[EXTRACTED DATA]

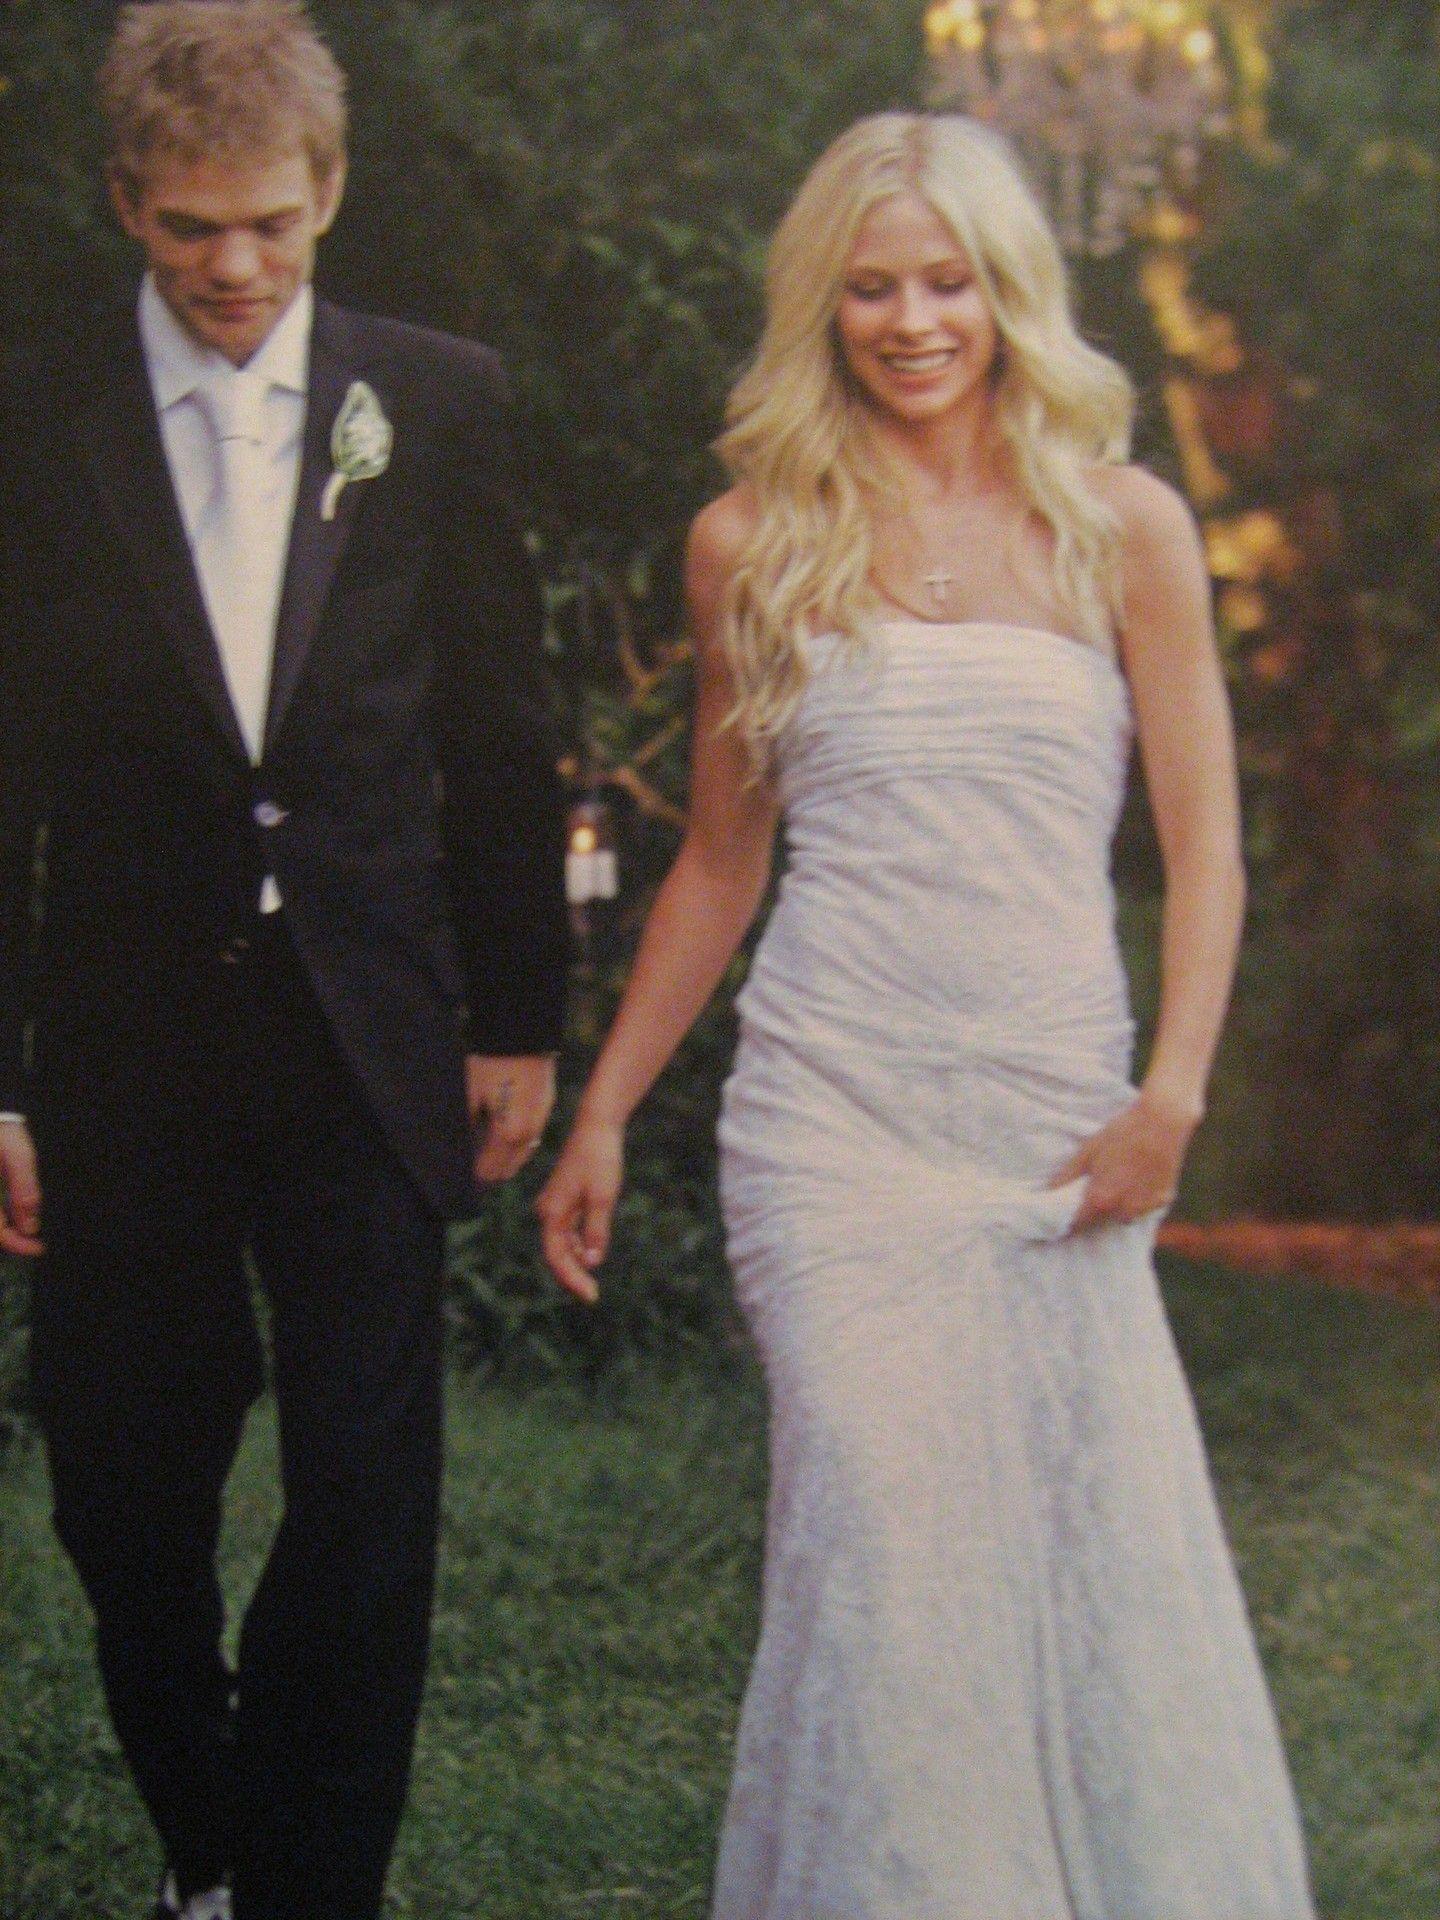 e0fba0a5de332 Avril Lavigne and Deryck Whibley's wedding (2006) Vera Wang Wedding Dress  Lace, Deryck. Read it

[/EXTRACTED DATA]
[EXTRACTED DATA]

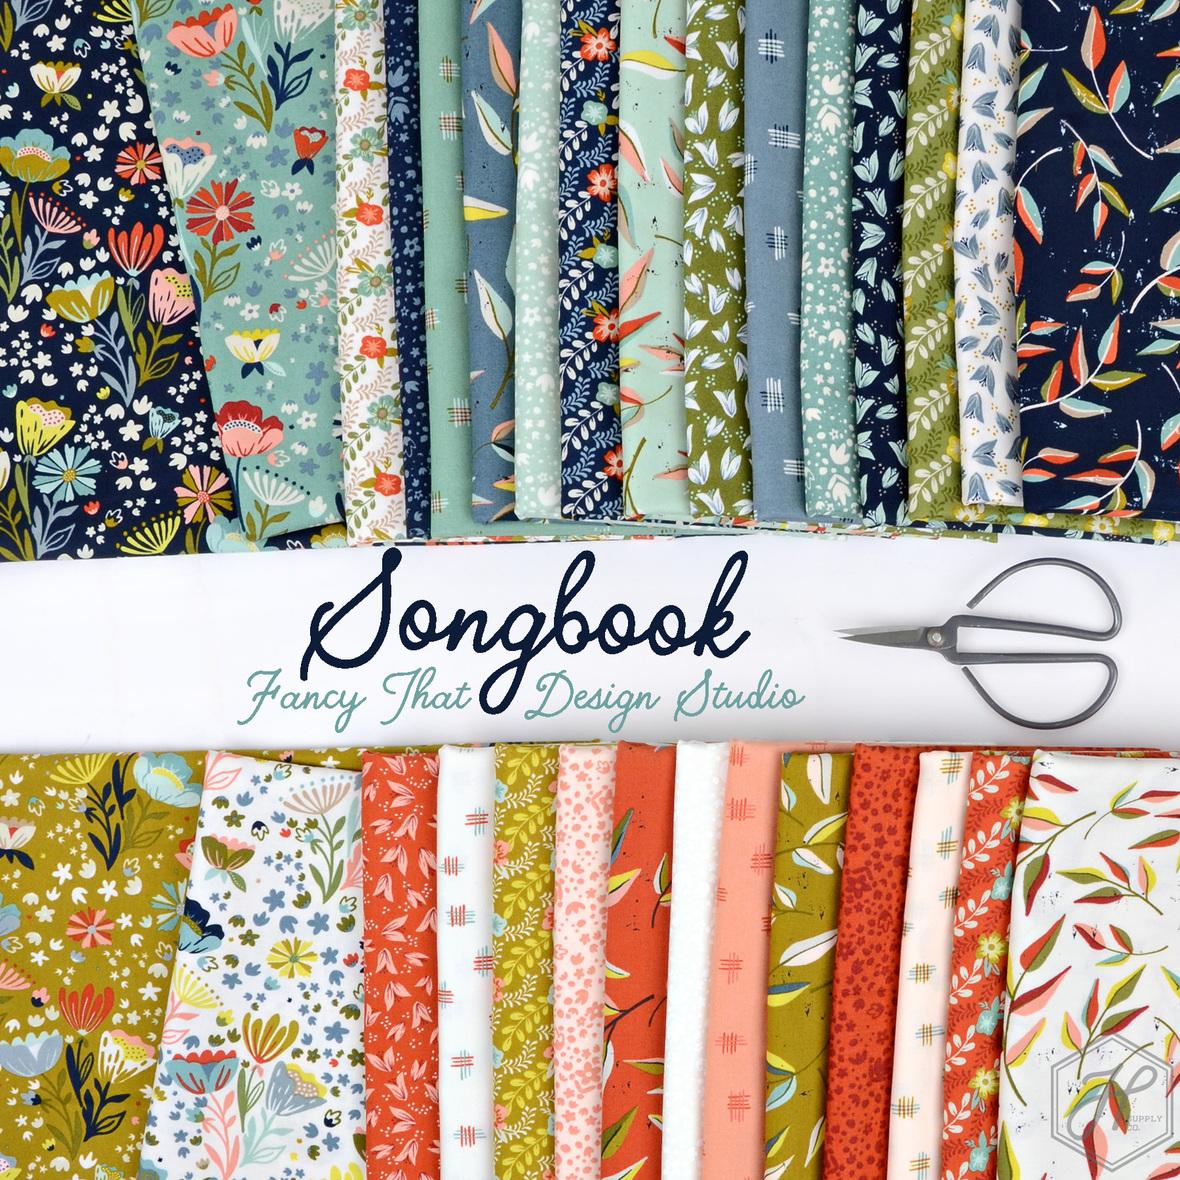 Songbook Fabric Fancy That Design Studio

[/EXTRACTED DATA]
[EXTRACTED DATA]

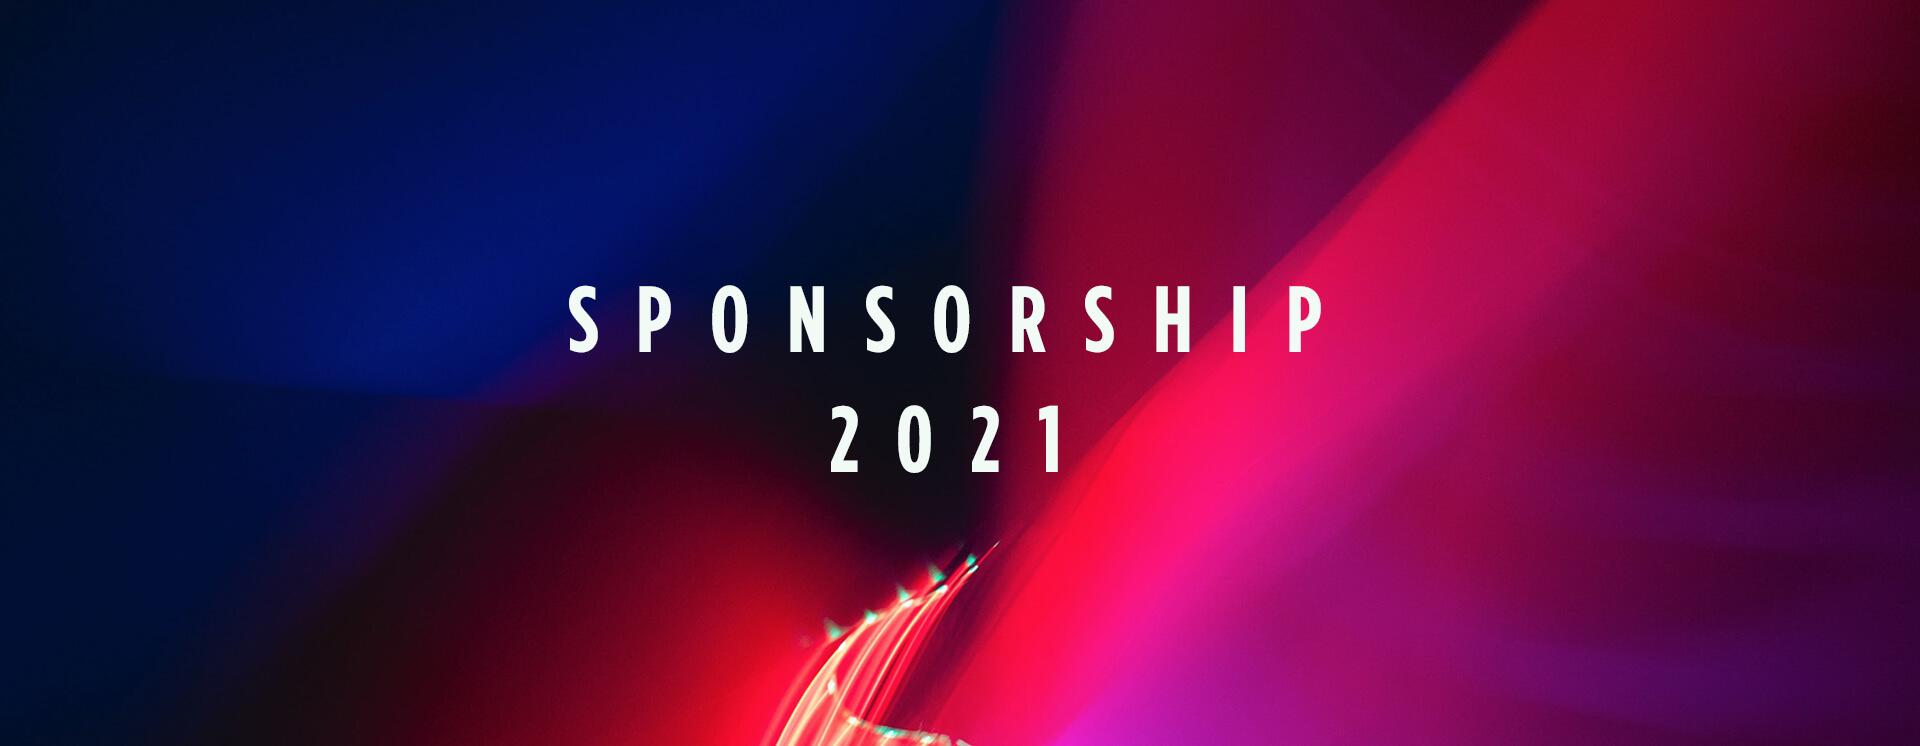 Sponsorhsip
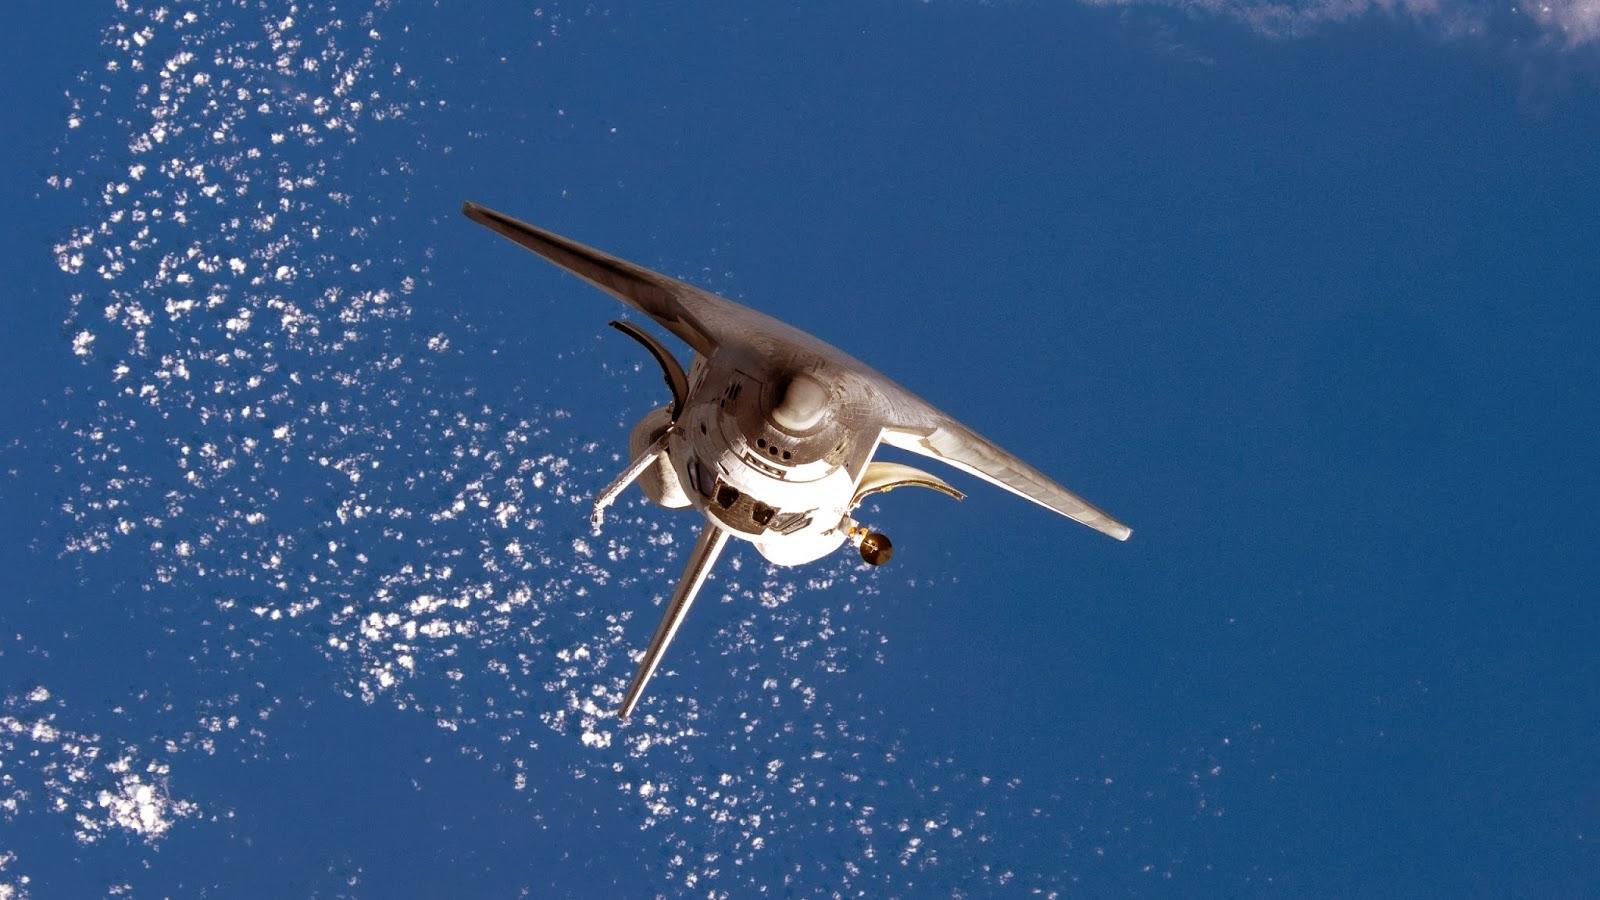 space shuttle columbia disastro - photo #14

[/EXTRACTED DATA]

WORK TO COMPLETE
Look through the listing above for the line with "Sponsorhsip" and the line with "space shuttle columbia disastro - photo #14". Write out exactly those lines and everything between, leaving out pictures.

EXERCISE SOLUTION
 Sponsorhsip
 space shuttle columbia disastro - photo #14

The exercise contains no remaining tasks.